The Most Beautiful | |
Director: | Akira Kurosawa |
Screenplay: | Akira Kurosawa |
Producer: | Motohiko Ito Jin Usami |
Starring: | Takashi Shimura Yoko Yaguchi Ichiro Sugai Takako Irie |
Cinematography: | Joji Ohara |
Studio: | Toho Studios |
Distributor: | Toho Company |
Runtime: | 85 minutes |
Country: | Japan |
Language: | Japanese |
is a 1944 Japanese drama and propaganda film written and directed by Akira Kurosawa. The semidocumentary film follows a group of female volunteer workers at an optics factory during the Second World War, during which the film was produced.
Set during World War II, the film depicts the struggle of female volunteer workers to meet production targets at a precision optics factory in Hiratsuka. They drive themselves, individually and collectively, to exceed the targets set for them by the factory directors. The factory directors push the girls to be their best for their country. The girls live in a dormitory, and every day they march and sing songs about Japan's greatness while on the way to work. They live away from their parents but are happy to do so to serve their country. Every morning before work, they pledge that they will be loyal to Japan and will work to destroy the U.S. and Britain. There are encouraging signs posted everywhere about working hard for one's country in the factory. One of the girls gets sick and has to stay home, making her incredibly upset about missing work and cries because of the tremendous guilt she feels. She begs not to be sent home because she wants to keep working. Later on, a girl falls off the roof and gets badly injured. Yet she says she is delighted that she did not harm her hands and will come to work on crutches. Their productivity decreases, the girls know their reputation is at stake, and they must work harder. One of the girls says that "one can't improve productivity without improving one's character." Watanabe's mother gets sick, her dad writes that under no circumstance should she come home, and her mother wants her to keep working, saying that her job is too important to leave. Near the end of the film, one of the girls gets a high temperature and tries to ignore it because she does not want to get sent home or stop working. Later on, Watanabe accidentally misplaces a lens and spends the entire night looking for it, she is worried her mistake will cost a soldier their life. The film ends with Watanabe's mom dying and her father telling her to stay at work. The factory directors ask her to go home. She refuses to go and cries while continuing her work.
According to Stephen Prince, Akira Kurosawa had been chosen by the navy to direct an action film about Zero fighter planes. But by 1943, he thought it unlikely that the navy would spare planes for a film as it was becoming clear that Japan would lose the war. So Kurosawa made this "patriotic morale booster" instead.[1] The director shot The Most Beautiful with a "semidocumentary approach." It was filmed on-location at the Nippon Kogaku factory in Hiratsuka, where he had the actresses live, work, and form a fife and drum corps.[1]
Actress Yoko Yaguchi clashed over the alleged ways Kurosawa treated the actors.

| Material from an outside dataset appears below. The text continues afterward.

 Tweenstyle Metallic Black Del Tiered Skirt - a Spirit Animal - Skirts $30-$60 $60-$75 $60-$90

However, the pair found a connection, despite these clashes, and married in 1945.[2] Although Prince writes that Kurosawa later chastised himself for doing so little to resist Japan's descent into militarism, the director also remarked that, of all his films, The Most Beautiful was dearest to him.[1]

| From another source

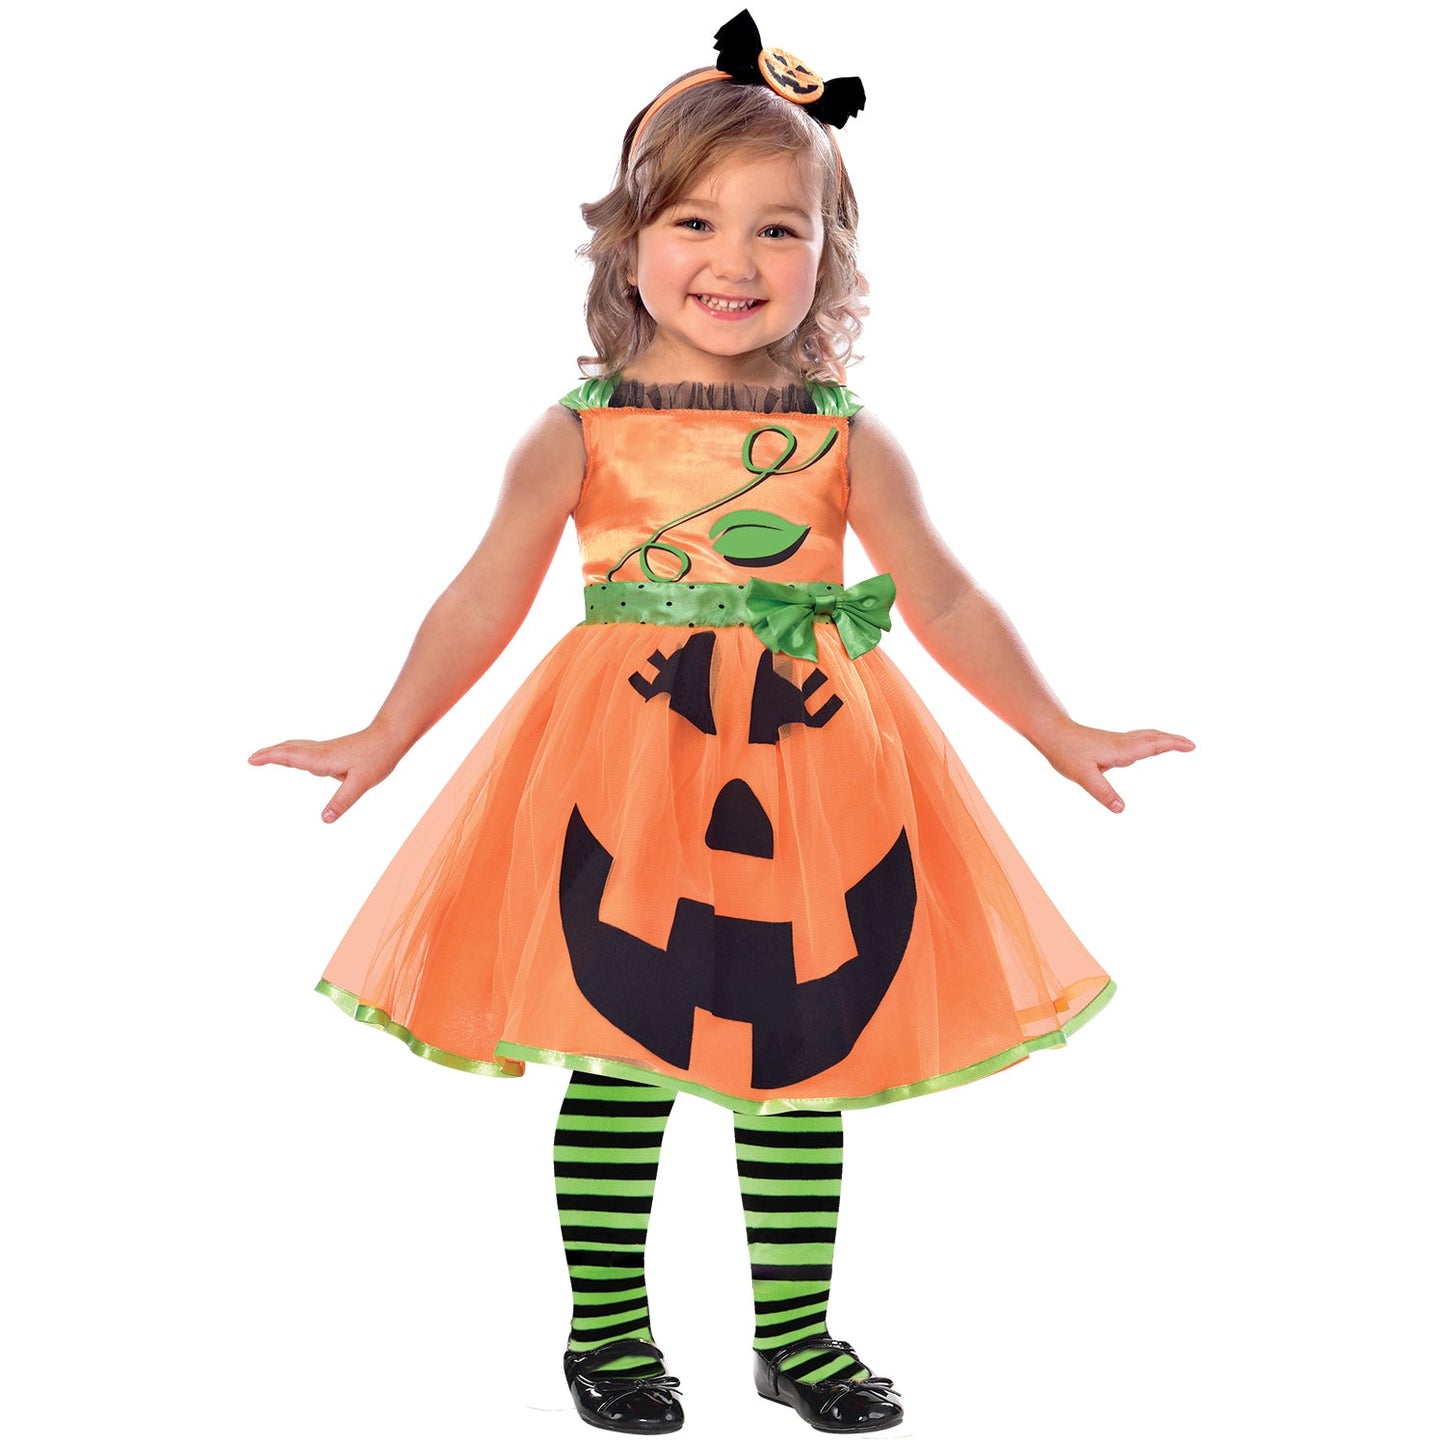 Girls Cute Pumpkin Halloween Costume includes dress and headband

The Criterion Collection has released The Most Beautiful on DVD in North America as part of two 2009 Kurosawa-centered box sets; The First Films of Akira Kurosawa, the 23rd entry in their Eclipse series, and AK 100: 25 Films by Akira Kurosawa.[3]

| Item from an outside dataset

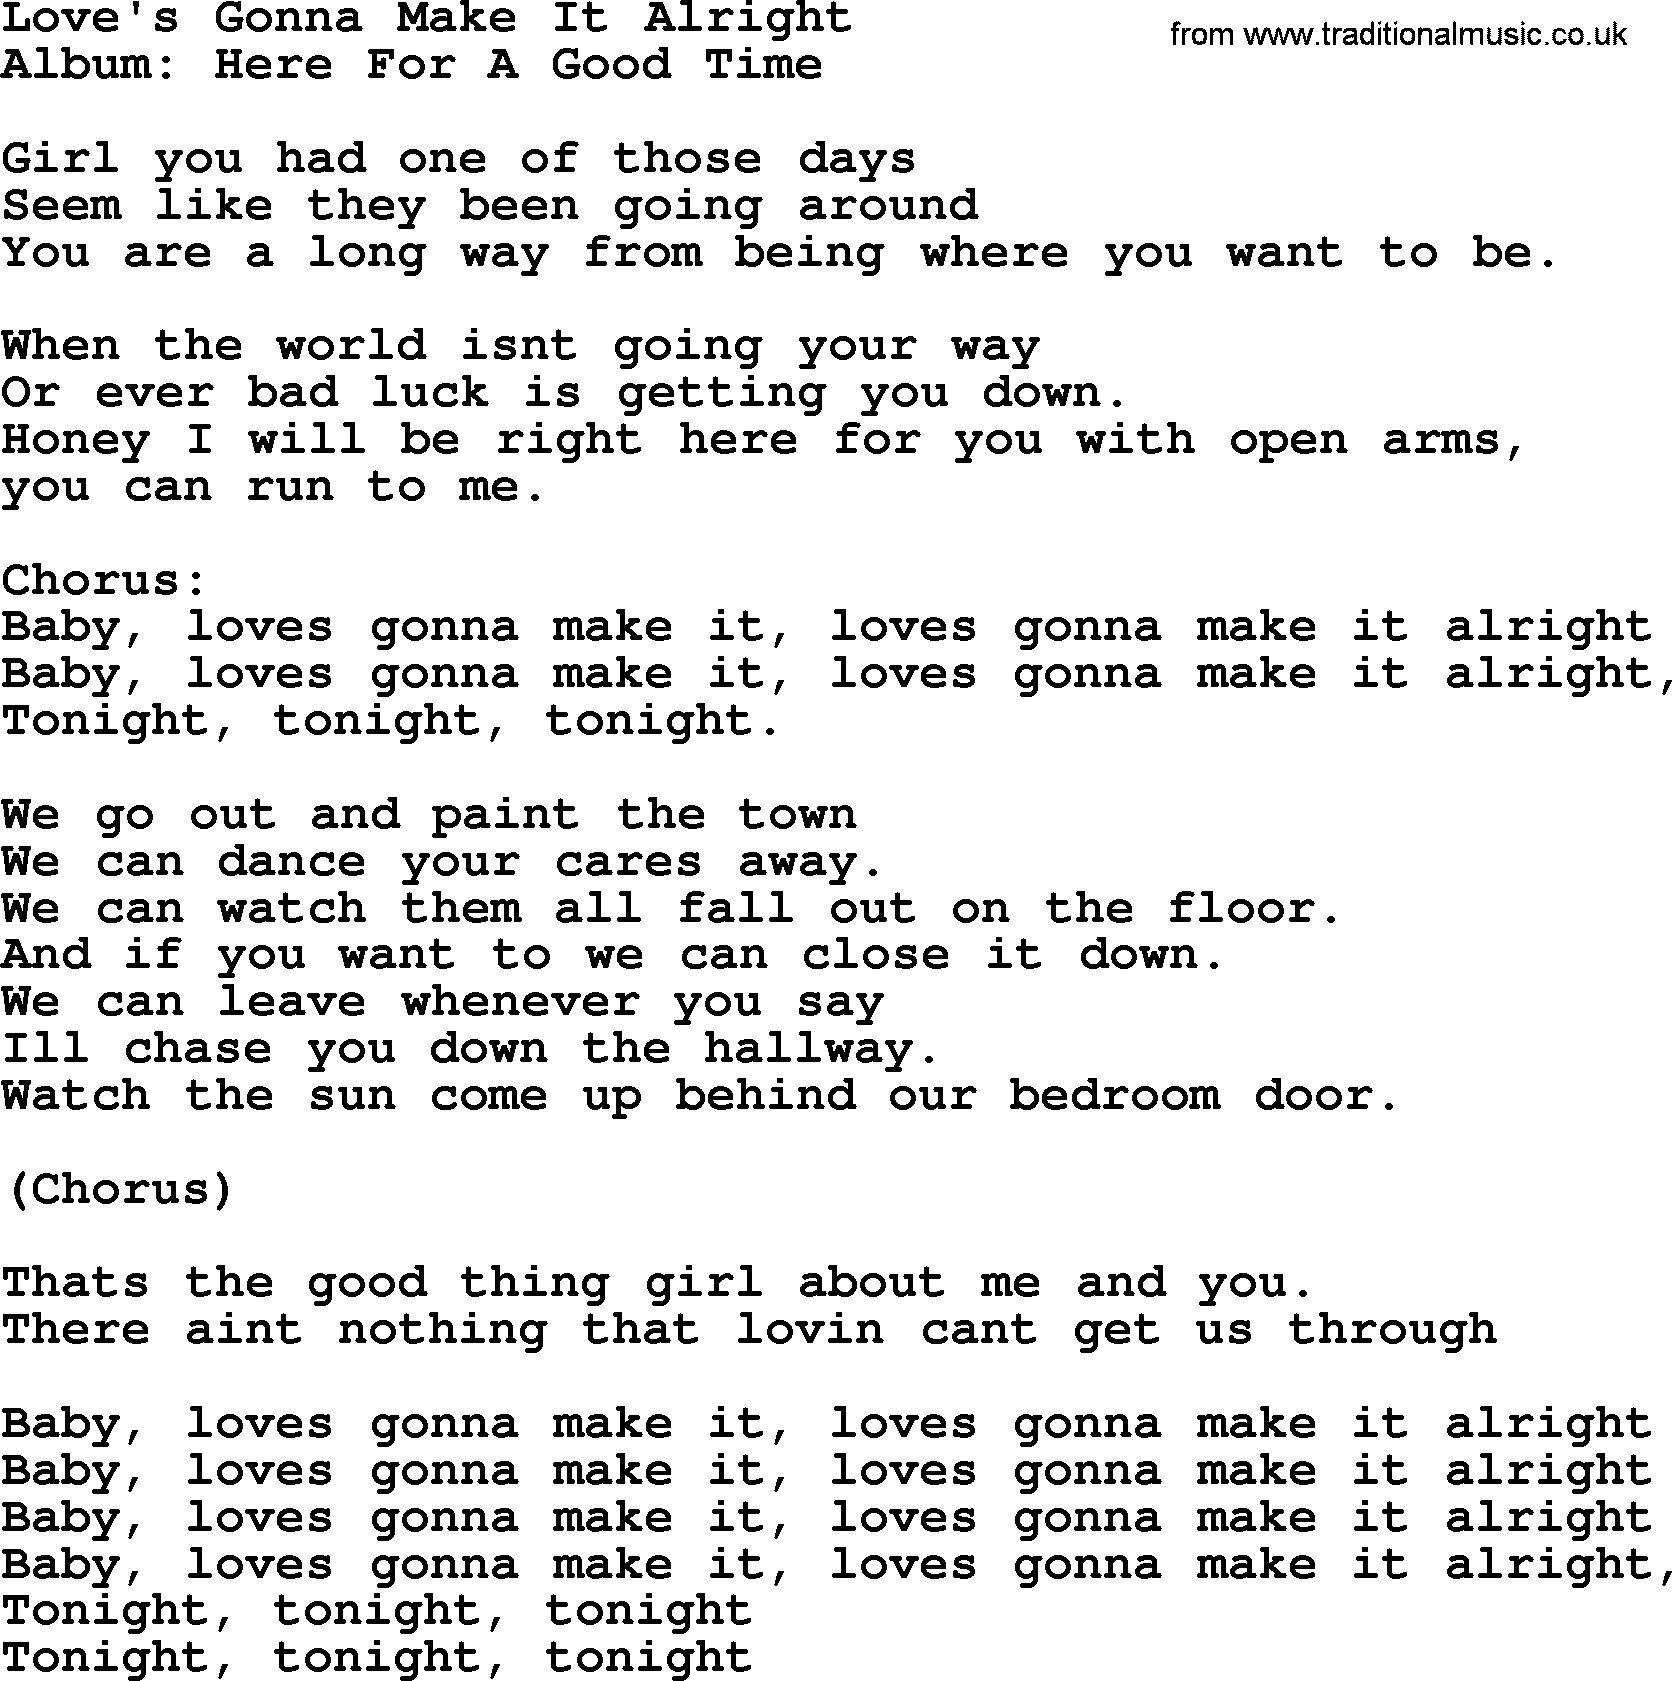 George Strait song: Love's Gonna Make It Alright, lyrics

Paul Anderer of Columbia University has commented on the subtext of the film having been released during the war years for Japan. Anderer said, "It is as if Kurosawa himself were in this lineup (of directors under state scrutiny), frozen inside wartime, when any significant movement or resistance to the authority would be stillborn. Surrounded by a censorship apparatus far more resourceful and intimidating, he would later claim, than anything the American Occupation threw his way, he had few thematic or tonal options: historical tributes to Japanese spiritual and martial values (like Sanshiro Sugata and its weaker sequel), or patriotic odes to factory production and sacrificial domesticity (e.g., The Most Beautiful, 1944)".[4]
Critics like Stephen Prince, Kurosawa translator Audie Bock, and historian David Conrad have argued that what is most striking about The Most Beautiful and Kurosawa's other wartime productions is the extent to which they complicate and even undercut the government's desired message. The Most Beautiful "dutifully praises sacrifice but shrouds it in an air of futility" by focusing on "the individual emotional costs of war."[5]